Re: Core 17 has suddenly started crashing

Posted: Mon Jun 02, 2014 5:00 pm
by 7im
When it errors on 0% it's more likely a bad WU and not a client or core crash. Also, FAHCores don't really crash (in a released version). They just report the error data from the WU.

beta cores are a different issue.

Please put the verbosity setting back to 3. All the extra data in the log is not help.
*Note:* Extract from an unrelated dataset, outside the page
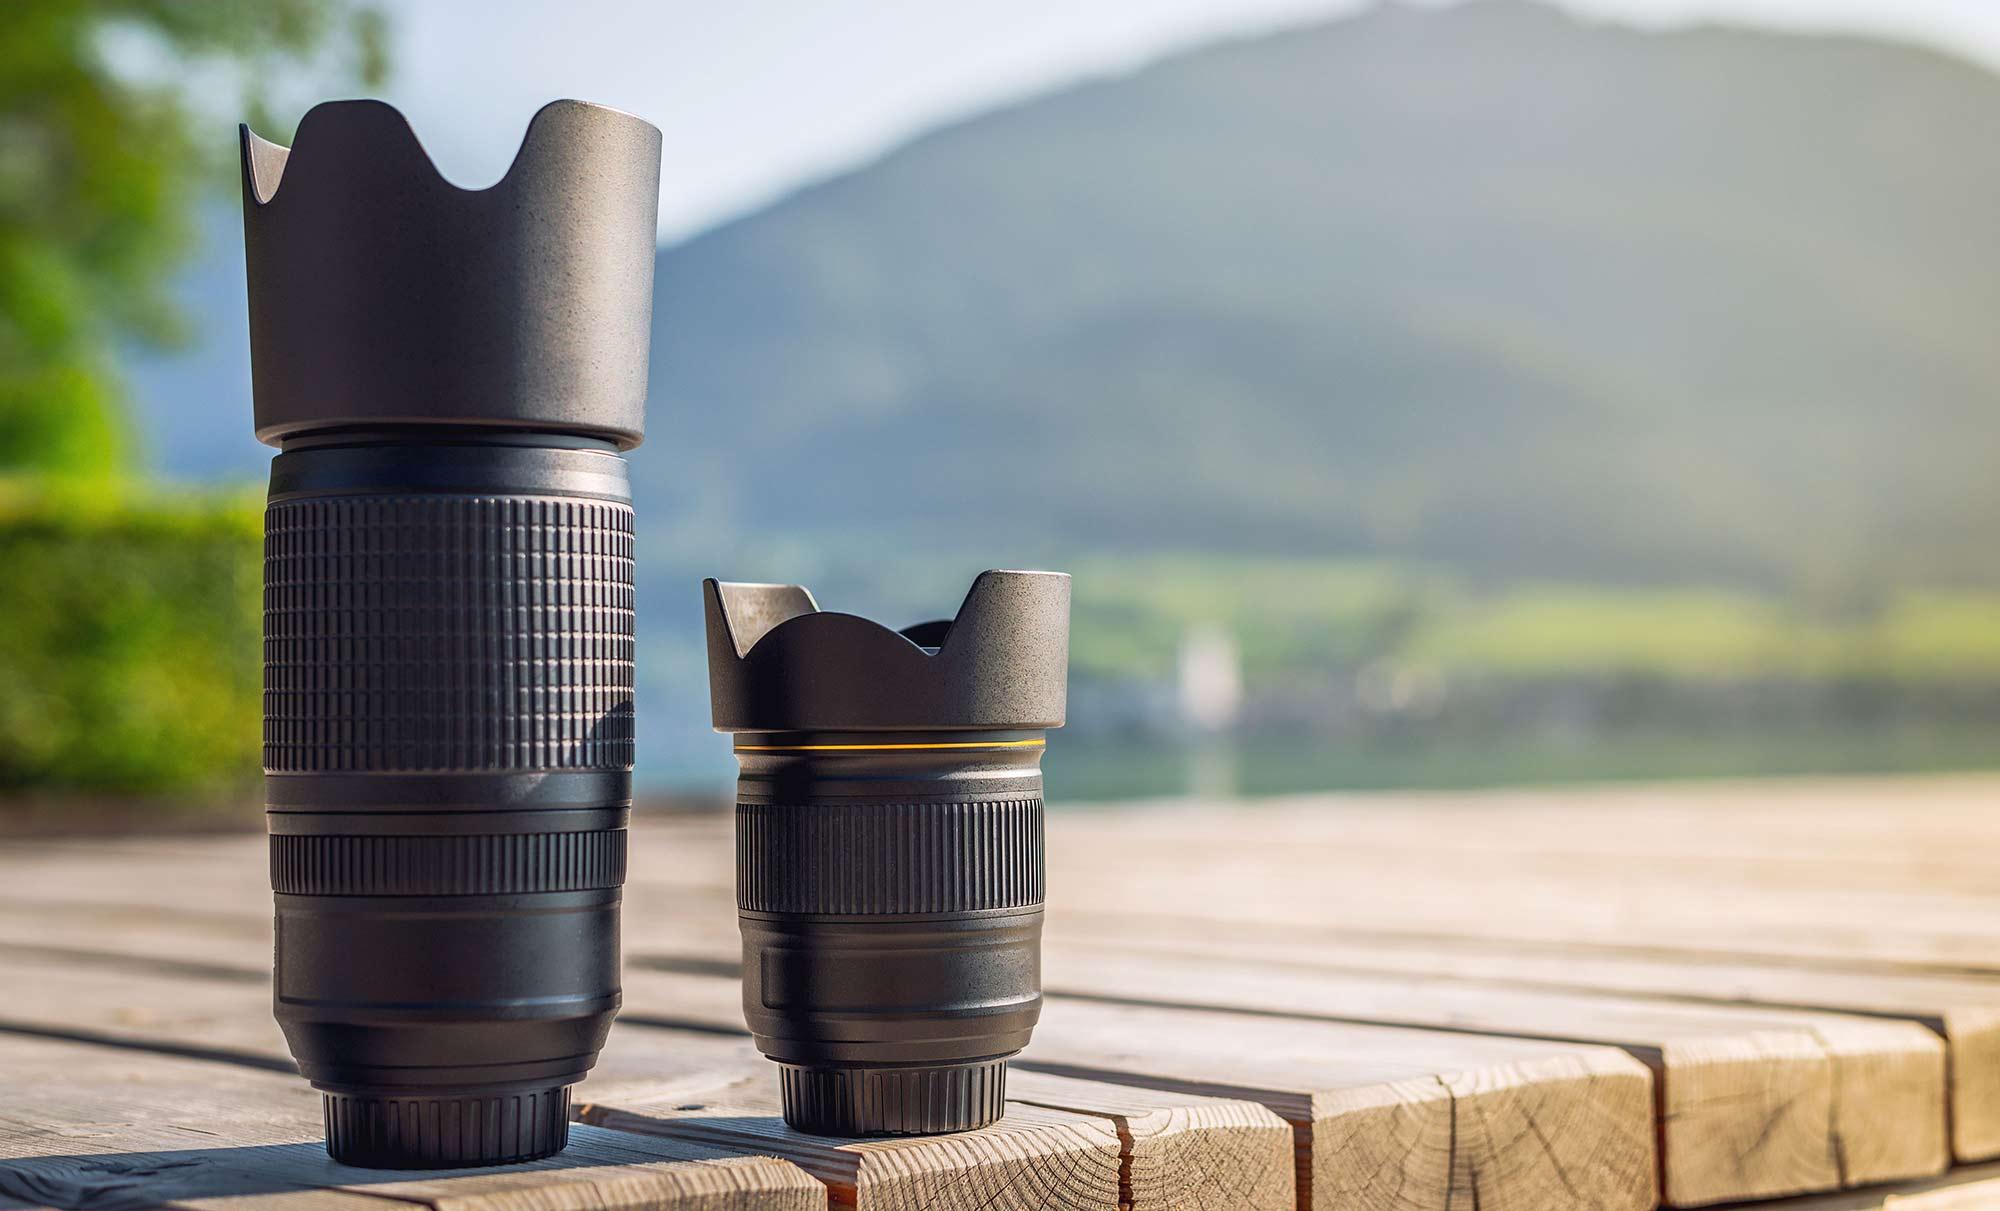 Landscape photography with kit lens (18-55mm) - Lui

The log only shows non-default config settings at level 3, and that's they data we want.

Re: Core 17 has suddenly started crashing

Posted: Mon Jun 02, 2014 5:10 pm
by Eagle
Sorry for the log spam.. Changed that accordingly - new config log:

Code: Select all

17:06:39:Saving configuration to config.xml
17:06:39:<config>
17:06:39:  <!-- Logging -->
17:06:39:  <log-rotate-max v='5'/>
17:06:39:
17:06:39:  <!-- Network -->
17:06:39:  <proxy v=':8080'/>
17:06:39:
17:06:39:  <!-- Slot Control -->
17:06:39:  <power v='full'/>
17:06:39:
17:06:39:  <!-- User Information -->
17:06:39:  <passkey v='********************************'/>
17:06:39:  <team v='34361'/>
17:06:39:  <user v='Eagle3386'/>
17:06:39:
17:06:39:  <!-- Folding Slots -->
17:06:39:  <slot id='1' type='GPU'>
17:06:39:    <client-type v='advanced'/>
17:06:39:  </slot>
17:06:39:  <slot id='0' type='CPU'>
17:06:39:    <client-type v='bigadv'/>
17:06:39:    <cpus v='7'/>
17:06:39:  </slot>
17:06:39:</config>
Regarding the error, it doesn't happen at exactly 0%. It's mostly around 1% when the error happens - if that makes a difference.

Re: Core 17 has suddenly started crashing

Posted: Mon Jun 02, 2014 5:16 pm
by 7im
Is the GPU overclocked?

Been folding a while and this just started? Or just started folding?

Re: Core 17 has suddenly started crashing

Posted: Mon Jun 02, 2014 5:32 pm
by Eagle
No personal OC, but EVGA applied some higher clocks.
This specific GPU is folding for about a year now and until a couple of days/weeks, everything ran just fine.